The company’s first try at such a promotion, in February, resulted in about 5.3 million people downloading coupons and around 2.5 million redeeming them. The idea behind the free burritos is not to generate revenue per se but to encourage people to return to Chipotle, especially the loyal customers who eat its burritos, salads and tacos at least 25 times a year and account for as much as 20 percent of the chain’s sales.

Chipotle has forecast a quarterly net loss — its first since going public in 2006 — after sales plummeted 26.1 percent in February. That decline was better than the one in January, when sales plunged 36.4 percent.

2015 E.coli Cases Linked to Chipotle | HealthGrove

“Free burritos — turns out it works. It brings people into the restaurants,” Chipotle Chief Financial Officer Jack Hartung said at an industry conference Wednesday, Fortune reported.
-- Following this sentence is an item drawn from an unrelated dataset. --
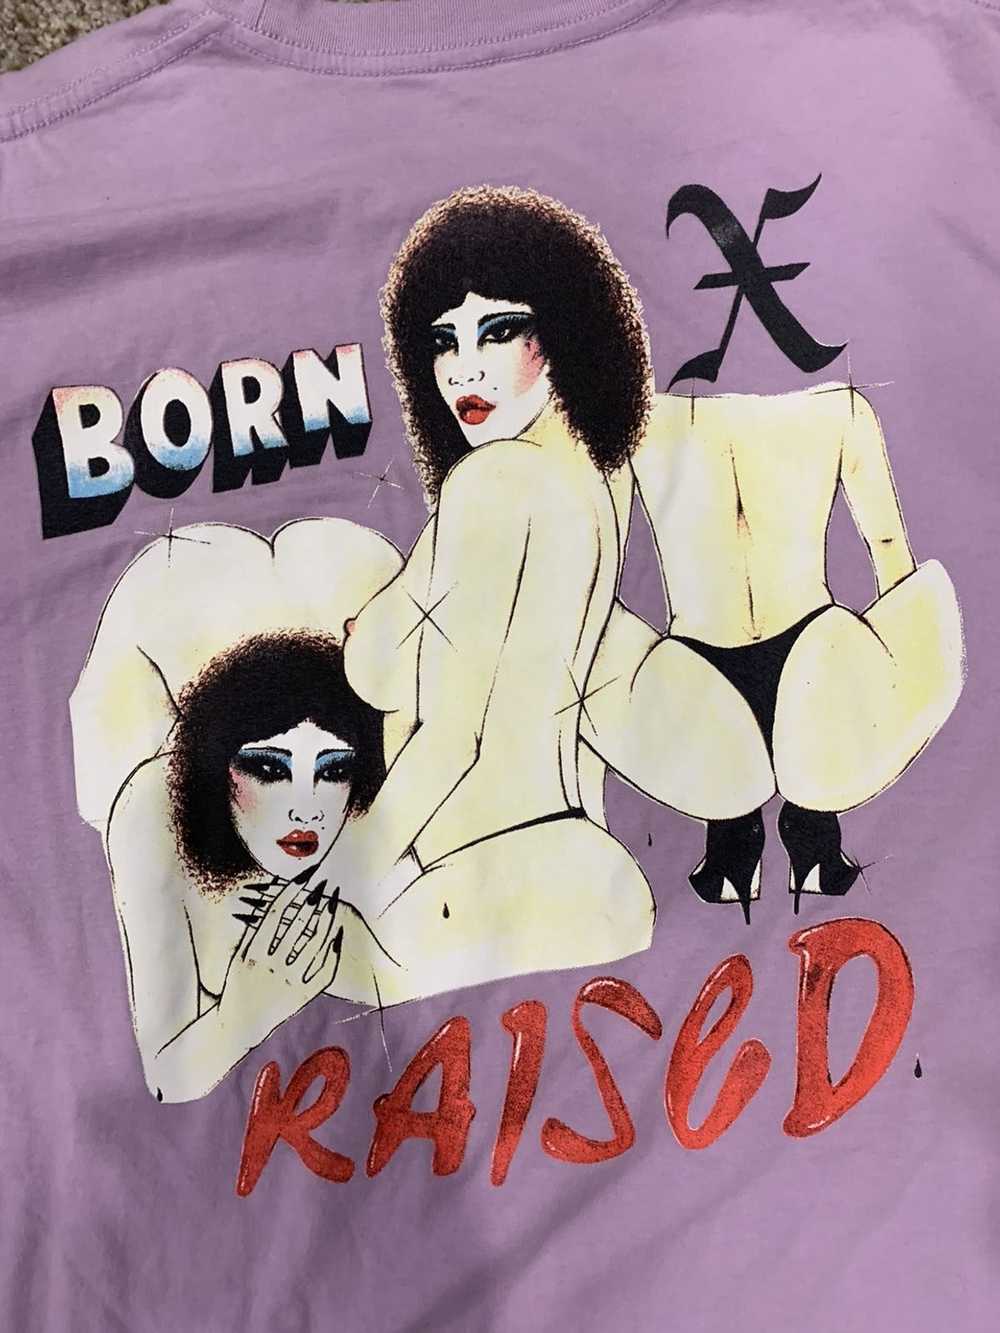 Born X Raised Born x raised woman tee - image 1

Comparing February’s 26.1 percent decline in sales with the month’s 9 percent fall in transactions indicates people were indeed taking the company up on its free food offer.
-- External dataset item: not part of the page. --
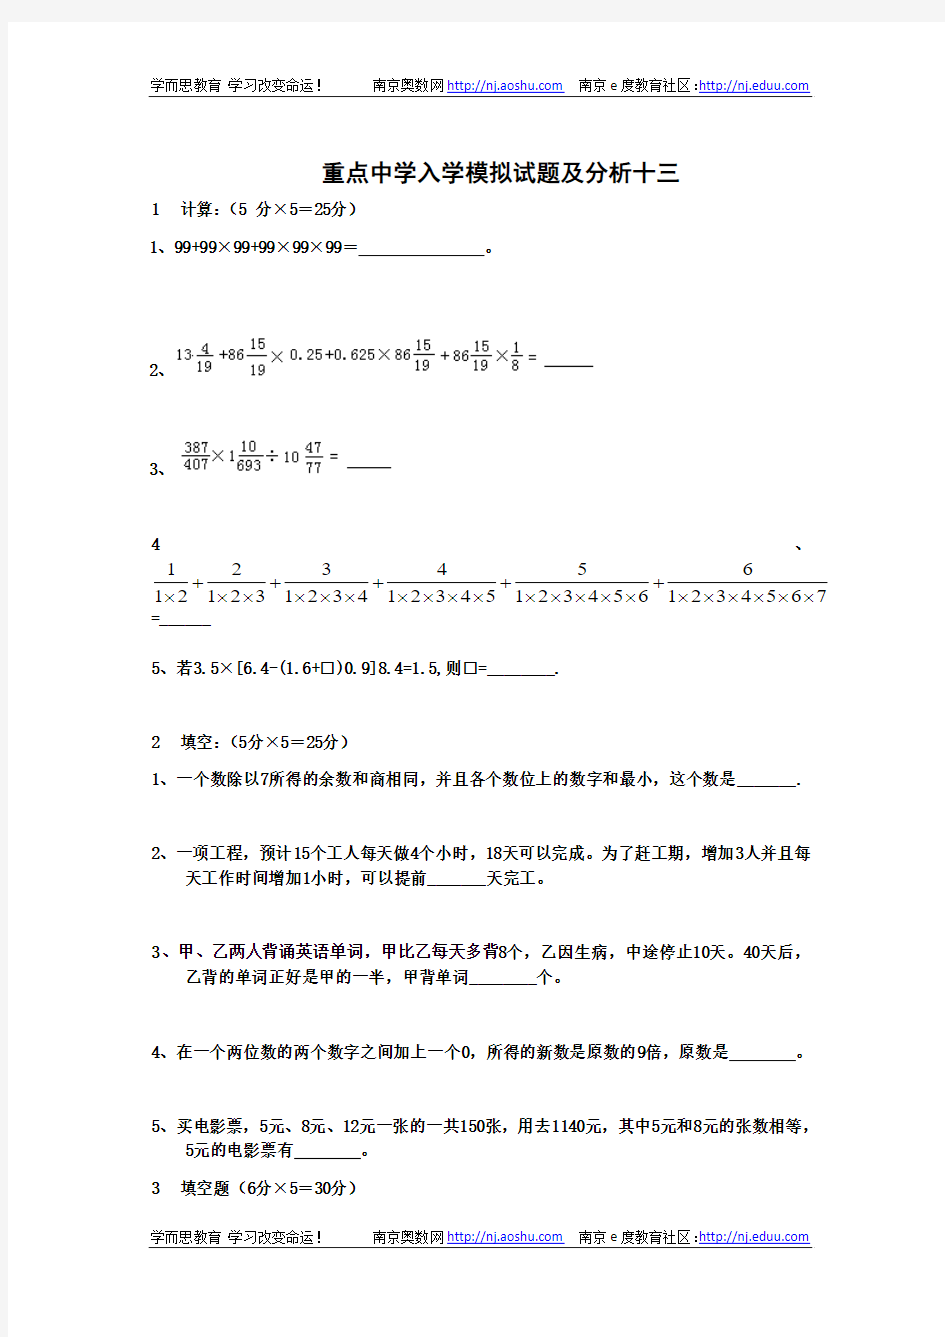 2011年小升初数学分班考试题及答案详解(十三)

But not everybody is convinced free burritos constitute the solution to the problem at Chipotle, suggesting there is no such thing as a quick fix for the company.

“Chipotle needs months and months of clean bills of health before they put this in their rearview mirror,” Ashley McCown, a crisis communications expert and the president of Solomon McCown & Co., told NBC News.

The multistate outbreaks of infections associated with Chipotle began in Seattle last July. Ultimately, more than 50 people became ill in two separate E. coli events across 10 states, while hundreds of others were sickened by norovirus, a stomach bug, that was linked to employees at locations in California and Massachusetts.

The company appeared to have conquered the problem, until last week, when a worker at an outlet in a Boston suburb was confirmed to have norovirus. The restaurant was briefly closed, and no customers were sickened in the event, which happened just one month after Chipotle held a companywide meeting on food safety to prevent future outbreaks of disease.

“We have to wait to see if management turns on the ‘promotion spigot’ again,” after the Massachusetts incident, ITG Investment Research analyst Joe Fersedi told NBC News.

If the first two attempts at offering free food to draw in customers don’t work as well as planned, Chipotle is likely to press forward with that strategy anyway, executives indicated. “If we don’t see the number of customers that we would like to see returning to restaurants, we may do more” free offers, said Mark Crumpacker, the company’s chief creative and development officer.